Given entries –
Start of Block

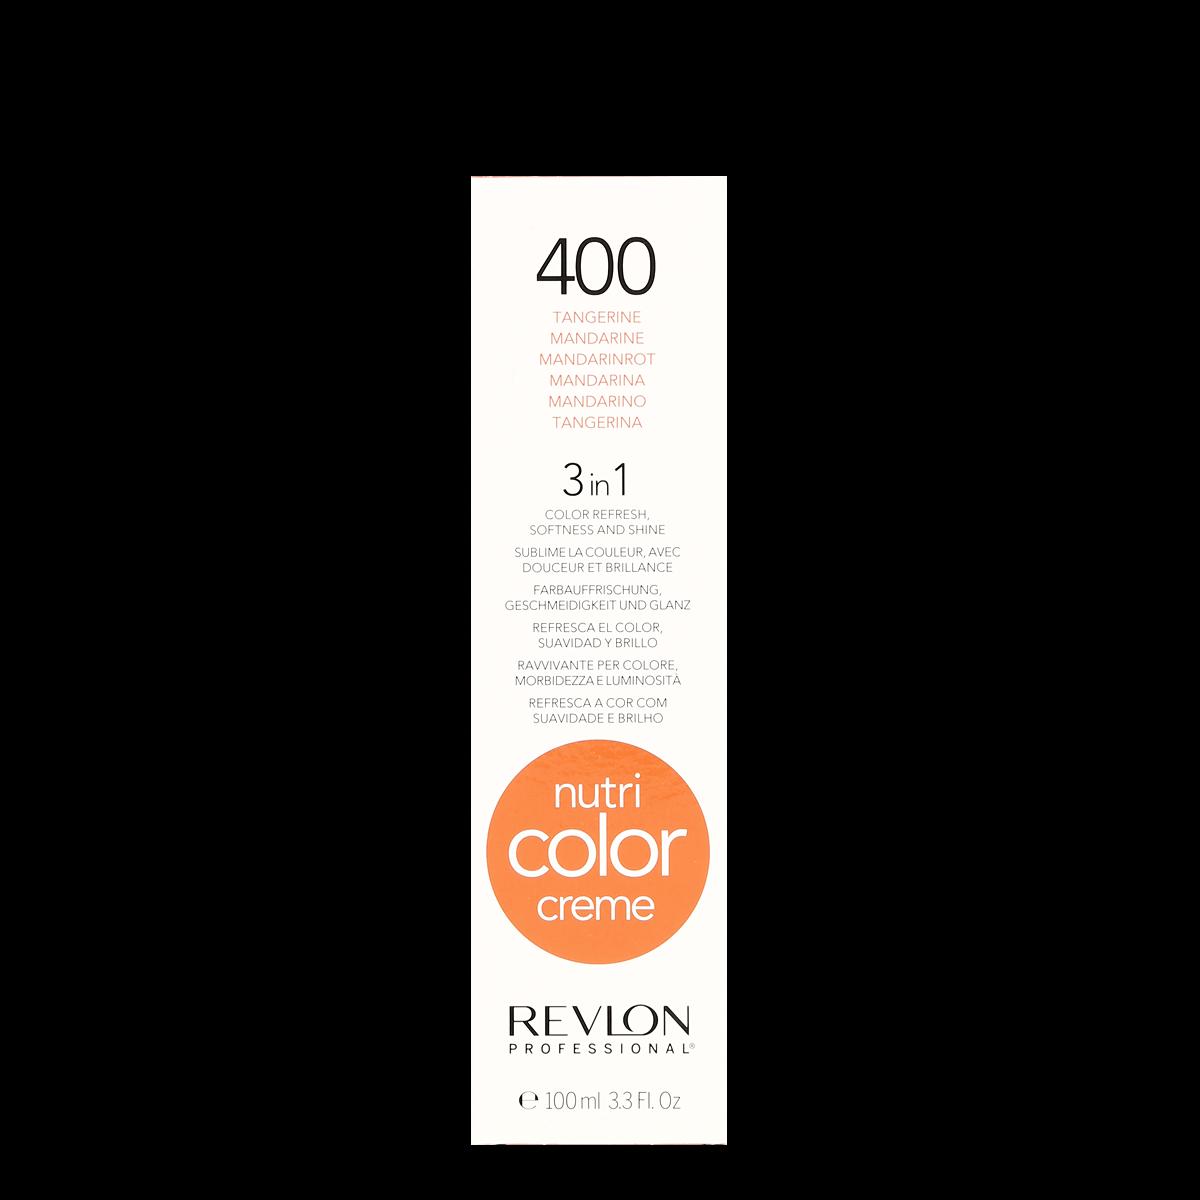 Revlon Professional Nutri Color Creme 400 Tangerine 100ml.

End of Block
Start of Block

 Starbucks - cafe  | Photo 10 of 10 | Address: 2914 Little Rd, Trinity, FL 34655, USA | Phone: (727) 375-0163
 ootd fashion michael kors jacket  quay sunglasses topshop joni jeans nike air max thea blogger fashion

End of Block
Start of Block

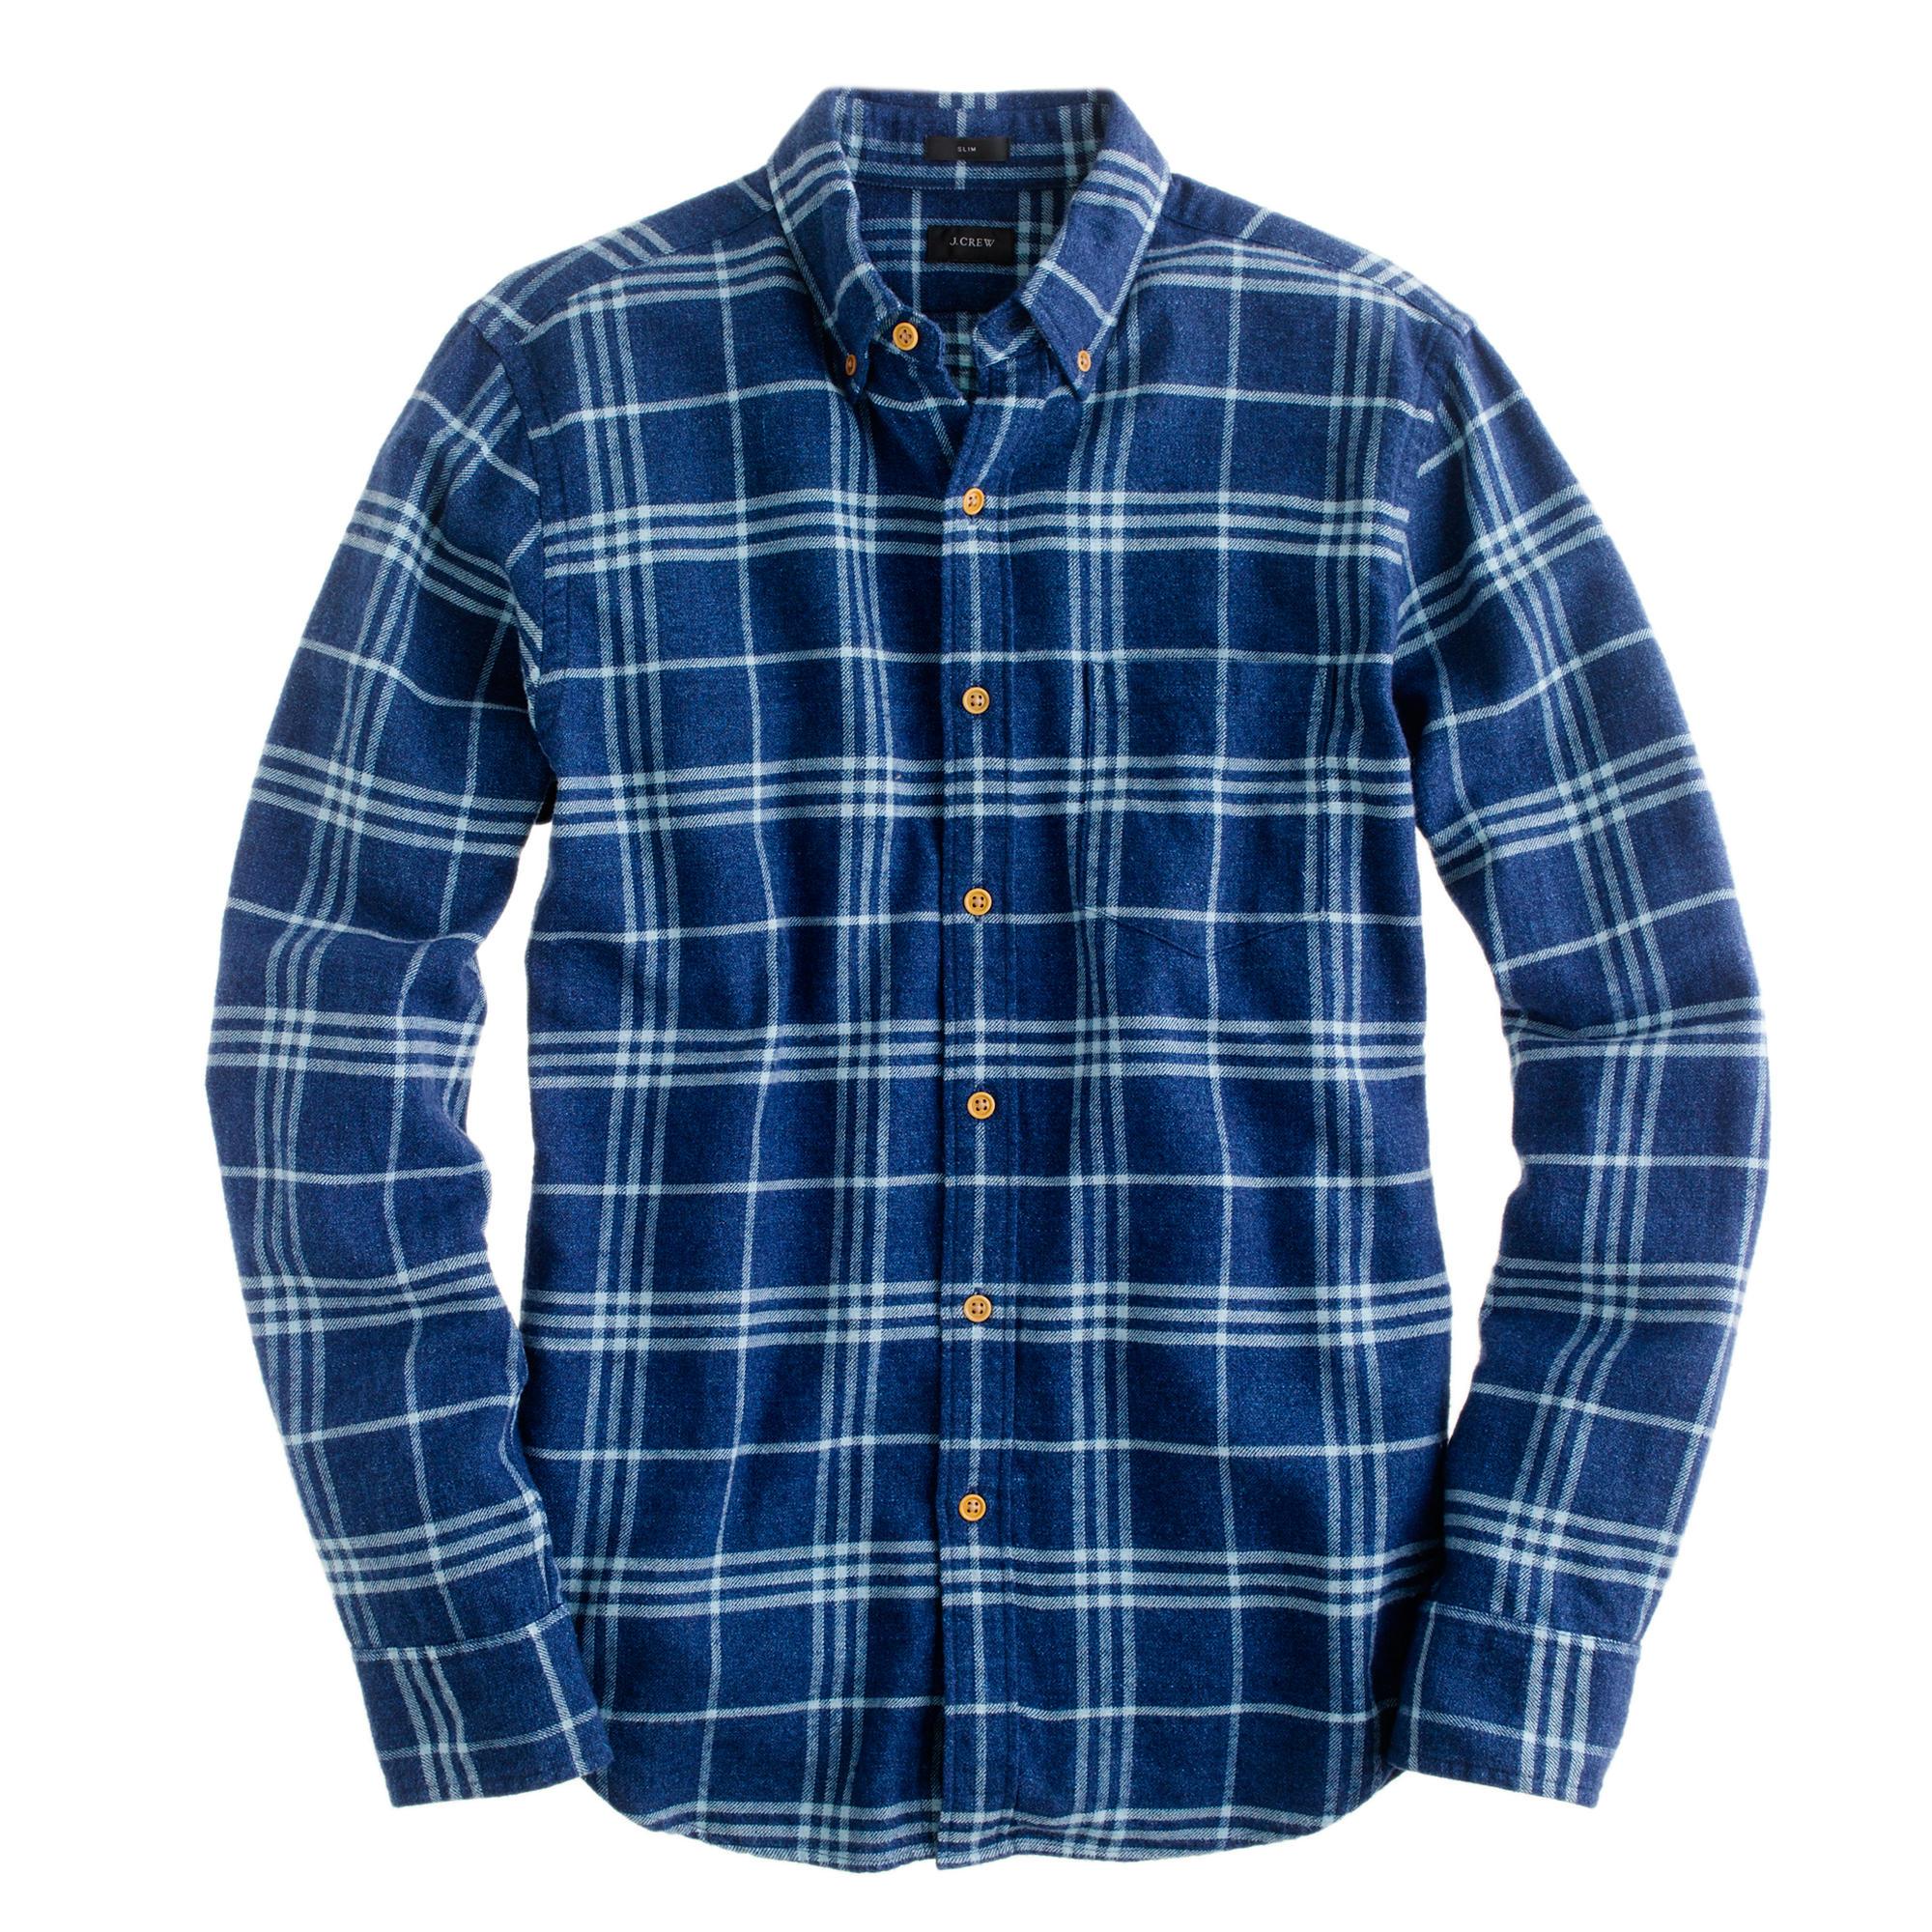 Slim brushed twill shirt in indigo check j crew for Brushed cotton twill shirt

End of Block

Exercise instructions – Write down, word for word, the lines above from the one containing "Starbucks - cafe" through the one containing "ootd fashion michael", both ends included.

Solution to the exercise –
 Starbucks - cafe  | Photo 10 of 10 | Address: 2914 Little Rd, Trinity, FL 34655, USA | Phone: (727) 375-0163
 ootd fashion michael kors jacket  quay sunglasses topshop joni jeans nike air max thea blogger fashion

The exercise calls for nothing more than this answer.